START_LS_TIME_MS=$(current_time_ms)

# Recursively list all files and subdirectories
(cd "$BASE_DIR" && ls -R > /dev/null)

END_LS_TIME_MS=$(current_time_ms)
LS_ELAPSED_TIME_MS=$((END_LS_TIME_MS - START_LS_TIME_MS))
echo "Recursive 'ls' completed in $((LS_ELAPSED_TIME_MS / 1000)).$((LS_ELAPSED_TIME_MS % 1000)) seconds."

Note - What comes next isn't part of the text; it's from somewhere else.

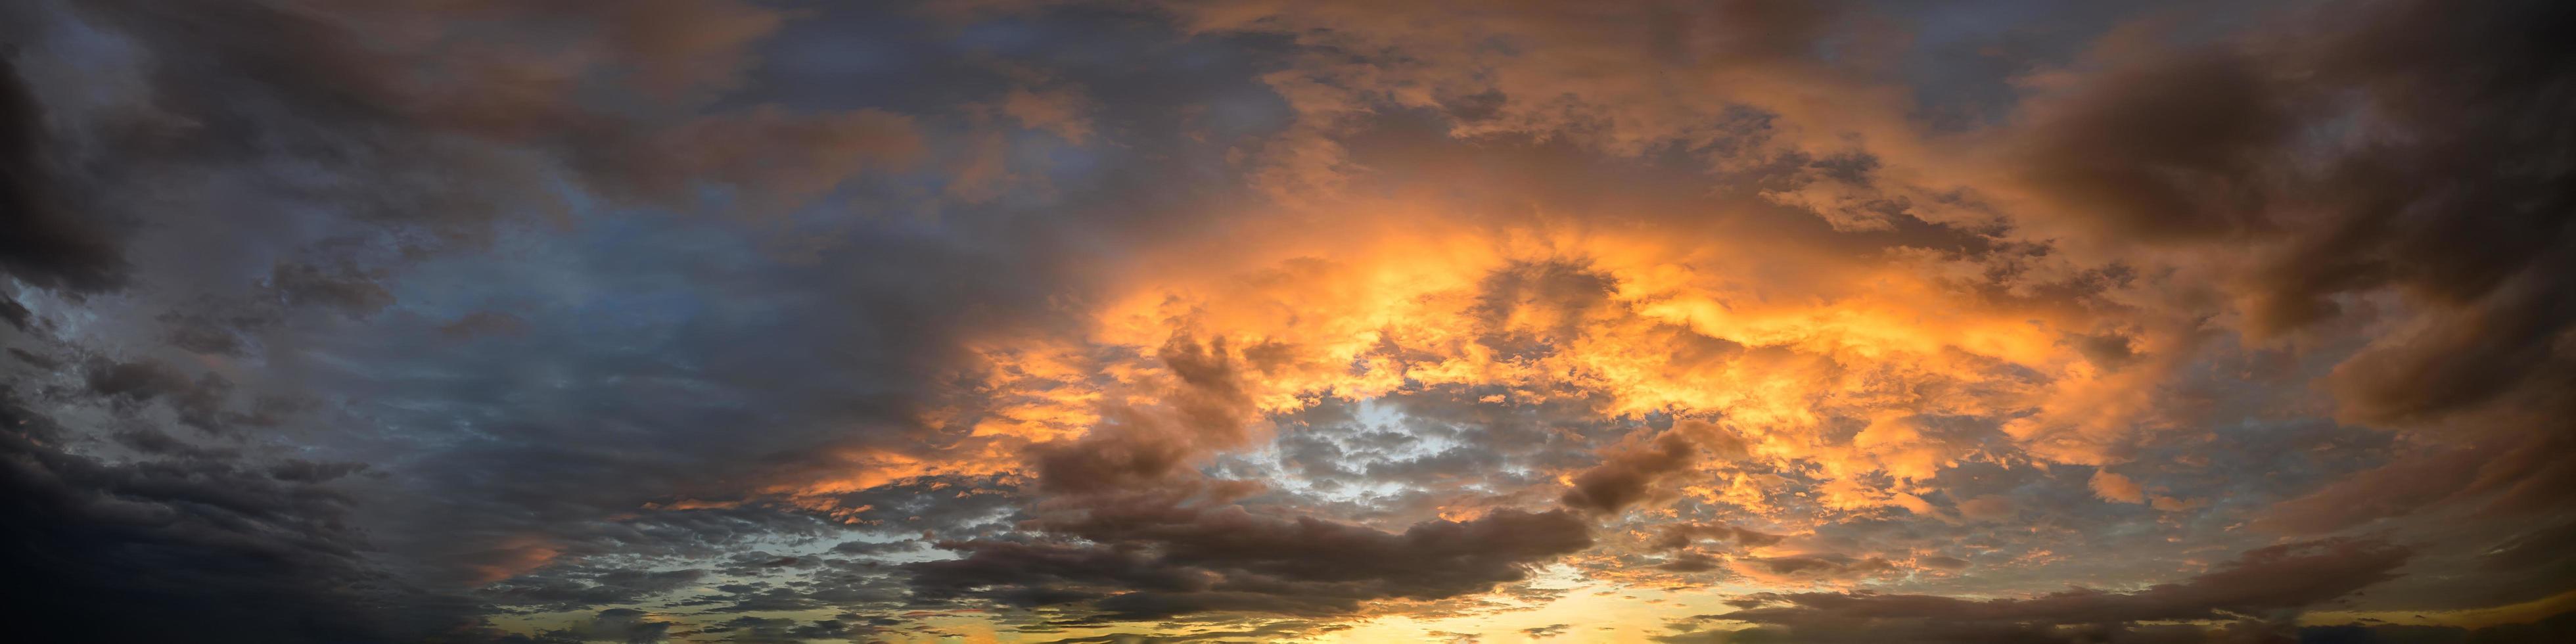 cielo e nuvole al tramonto foto

# Measure time to remove and clean up all test files
echo "Starting cleanup..."
START_CLEANUP_TIME_MS=$(current_time_ms)

# Remove all test files and directories
rm -rf "$BASE_DIR"

END_CLEANUP_TIME_MS=$(current_time_ms)
CLEANUP_ELAPSED_TIME_MS=$((END_CLEANUP_TIME_MS - START_CLEANUP_TIME_MS))
echo "Cleanup completed in $((CLEANUP_ELAPSED_TIME_MS / 1000)).$((CLEANUP_ELAPSED_TIME_MS % 1000)) seconds."

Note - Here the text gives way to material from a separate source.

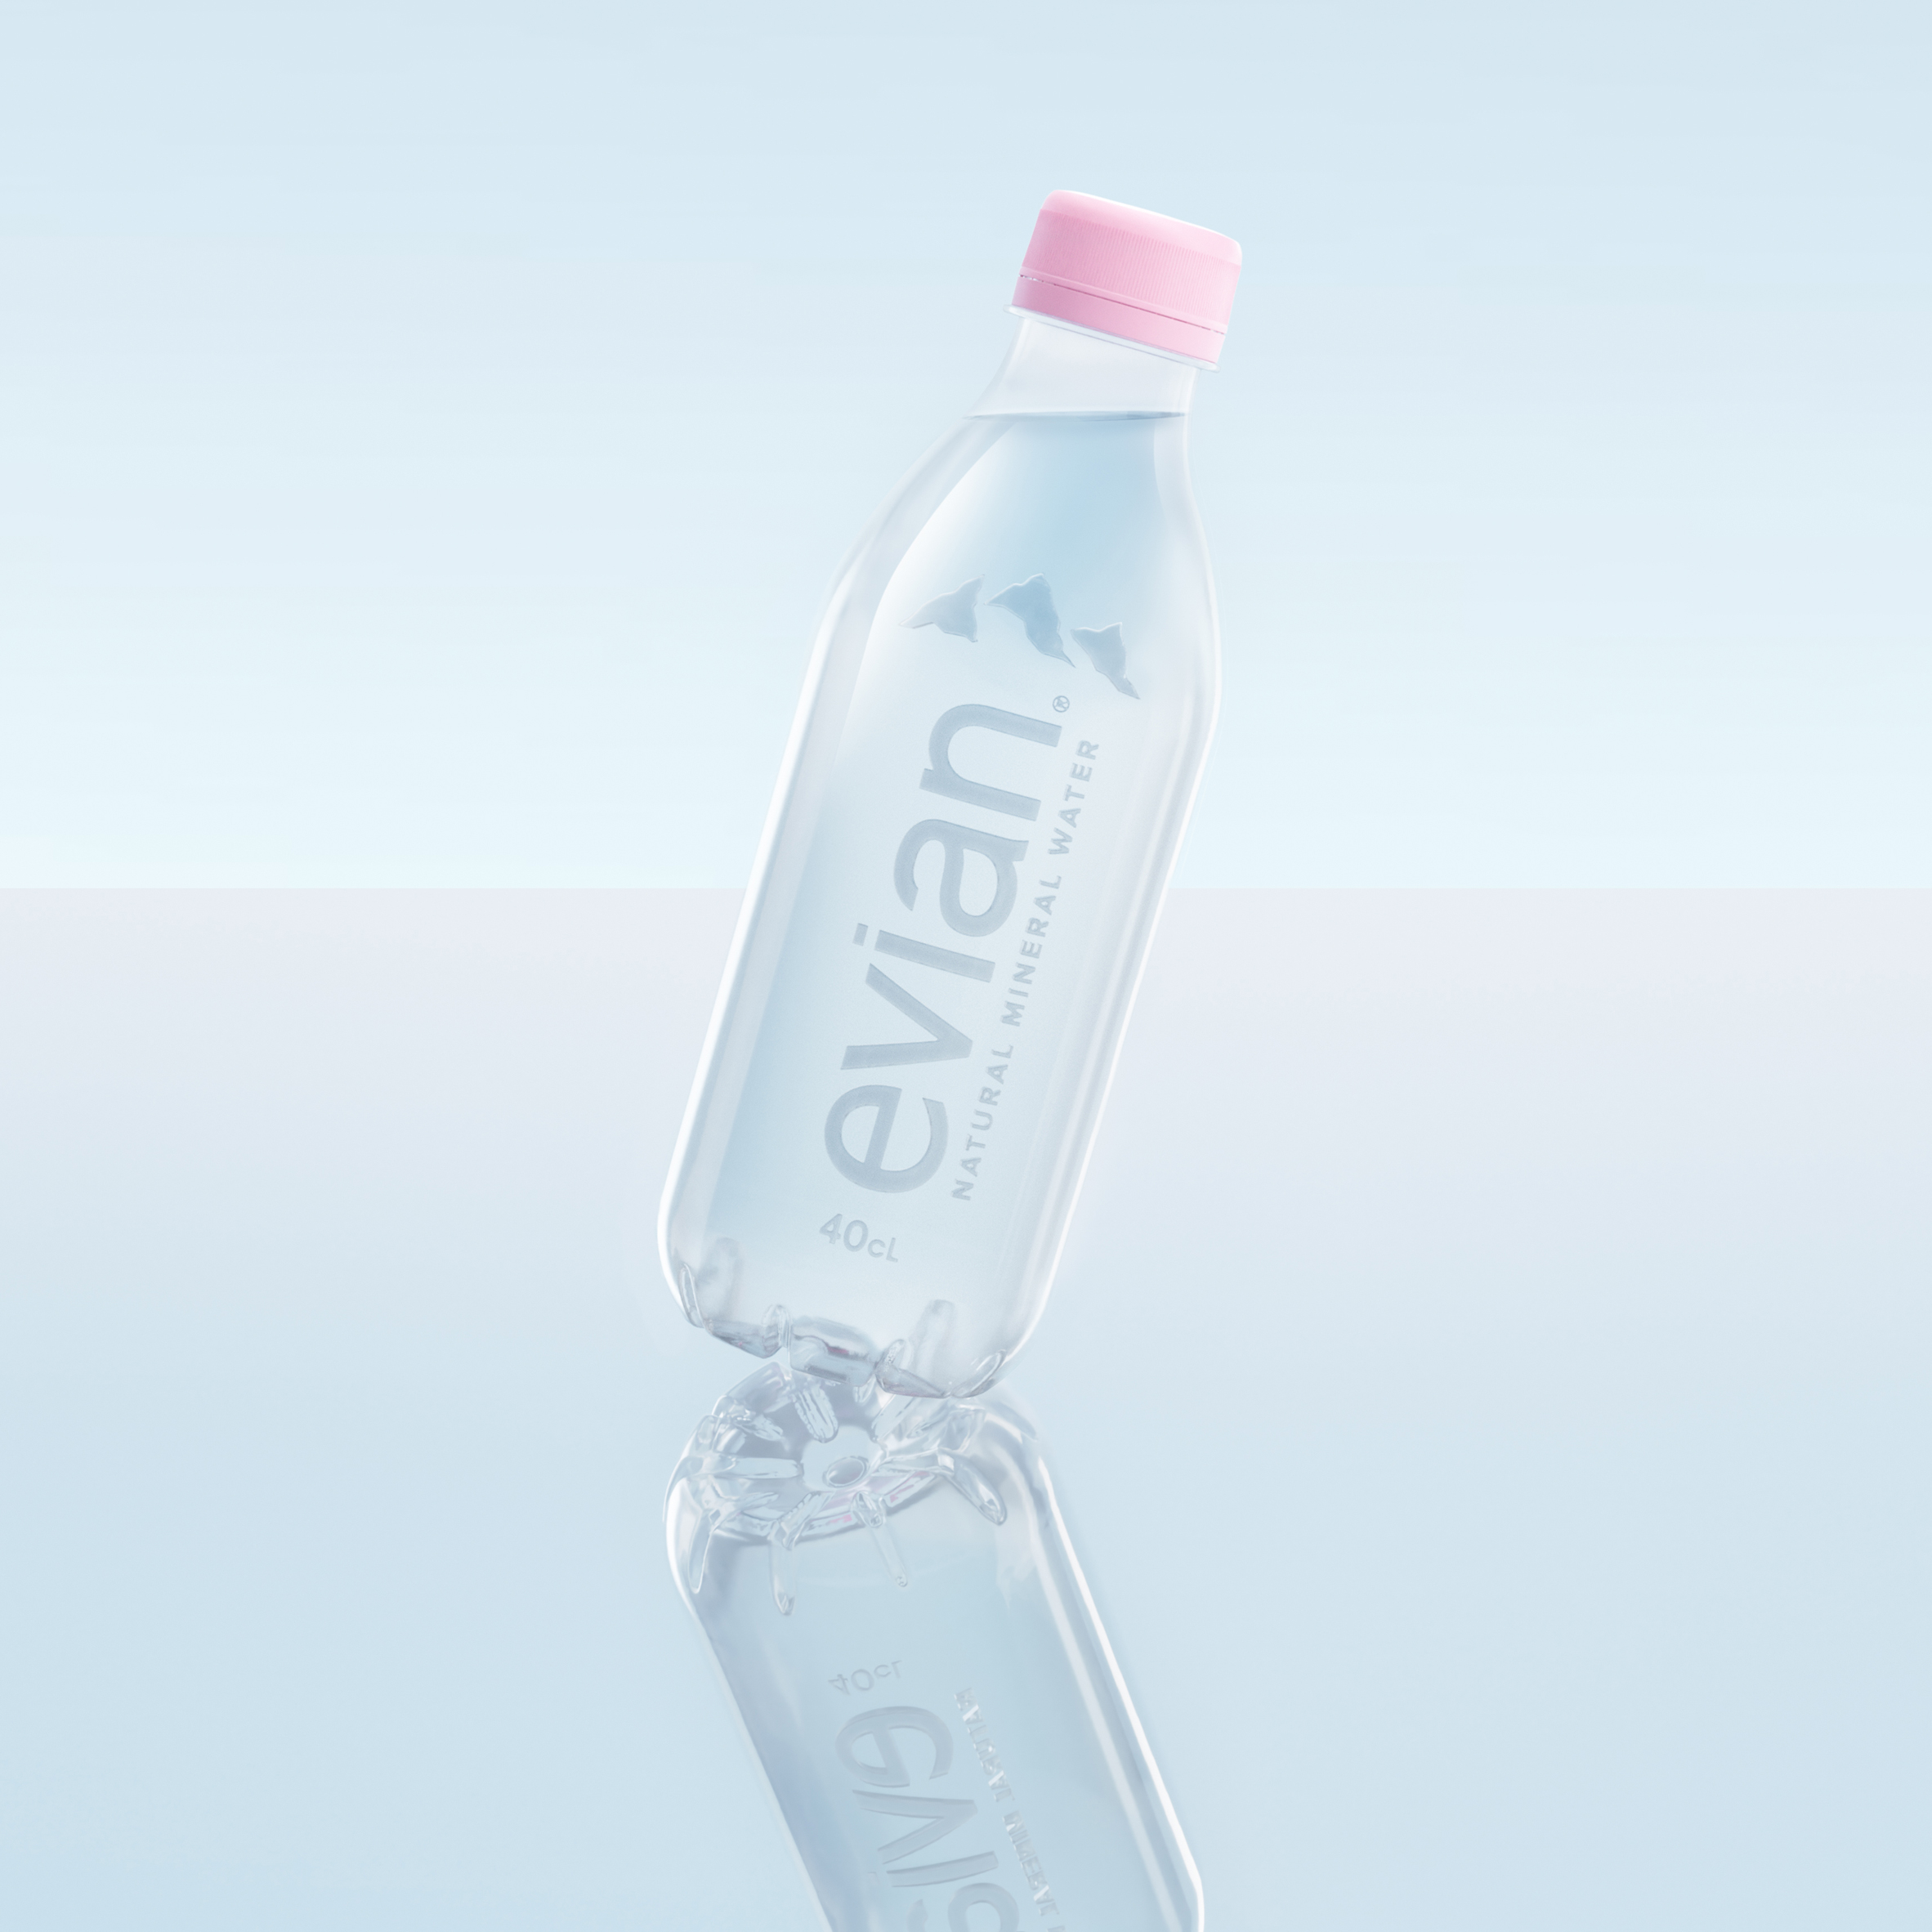 https://static.dezeen.com/uploads/2020/07/evian-label-free-water-bottle-design_dezeen_2364_sq-1.jpg

# Calculate and print total elapsed time
TOTAL_ELAPSED_TIME_MS=$((CREATE_ELAPSED_TIME_MS + LS_ELAPSED_TIME_MS + CLEANUP_ELAPSED_TIME_MS))
TOTAL_ELAPSED_MINUTES=$((TOTAL_ELAPSED_TIME_MS / 60000))
TOTAL_ELAPSED_SECONDS=$(((TOTAL_ELAPSED_TIME_MS % 60000) / 1000))
TOTAL_ELAPSED_MILLISECONDS=$((TOTAL_ELAPSED_TIME_MS % 1000))

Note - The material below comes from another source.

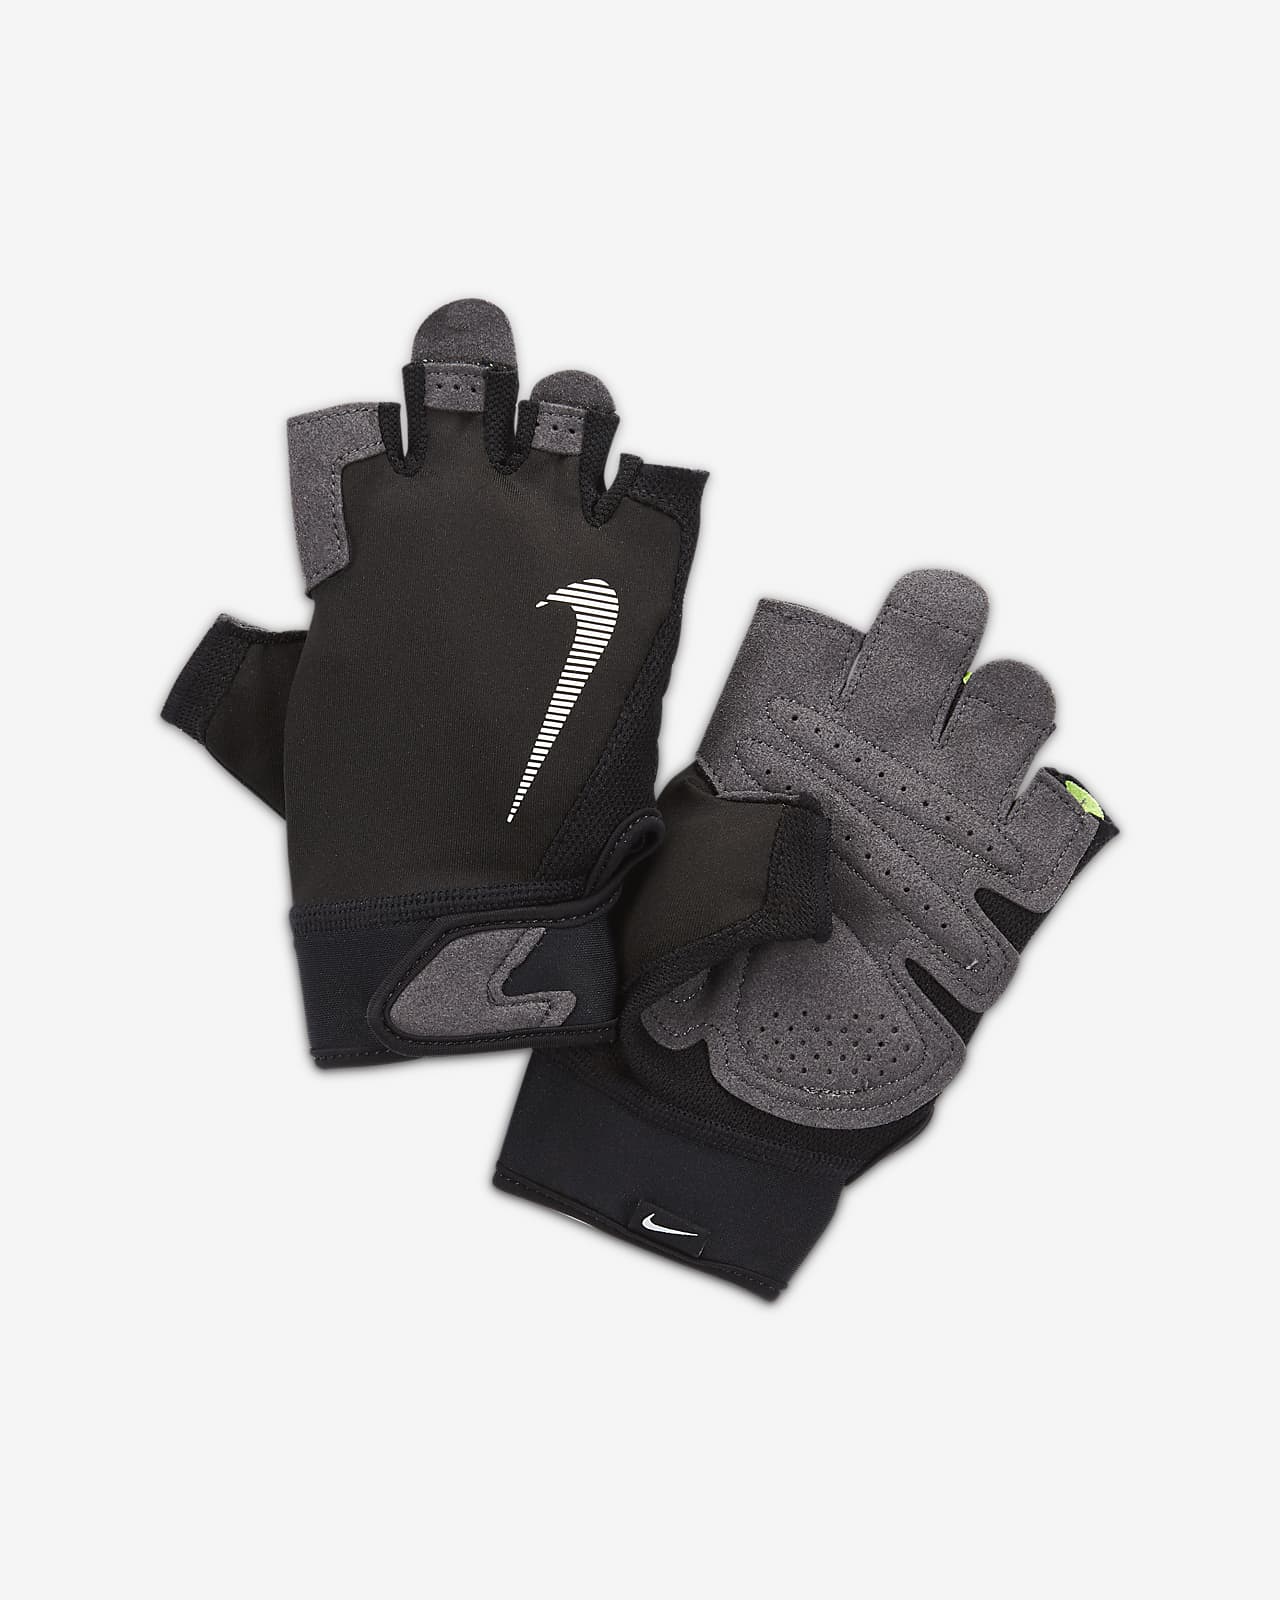 Nike Ultimate Men's Training Gloves

echo "Total elapsed time: $TOTAL_ELAPSED_MINUTES minutes, $TOTAL_ELAPSED_SECONDS seconds, and $TOTAL_ELAPSED_MILLISECONDS milliseconds."

This isn’t testing a real-world scenario, but should be a potential way to test for improvement directly associated with a metadata vdev I think.

System on the left is AMD EPYC 7F52 with 5x RAIDZ2 7 wide VDEVs of 8TiB drives and System on the right is AMD Ryzen 3700X with 2x 2-way mirrors of Optane 905P 960GB. Neither has special vdevs. Both are SCALE 24.04.2

Posting just for reference point. CPU (single threaded performance) and other system performance such as RAM speed may be a factor here, so direct comparison between different systems might be of limited value. Really the idea is to compare the pool with and without special vdev for metadata, ON THE SAME SYSTEM, to see if this test can tease out some intelligence.

I’d be interested in seeing the results for a clean fresh pool both without a special vdev, as well as clean fresh pool with a metadata special VDEV @louis

If there’s interest in this topic I can probably come up with better stuff to do, like @Constantin mentioned rsync is a good one to test.

3 Likes

Benchmarking - which are scientific and repeatable measurements of performance - is actually much much more difficult even than this.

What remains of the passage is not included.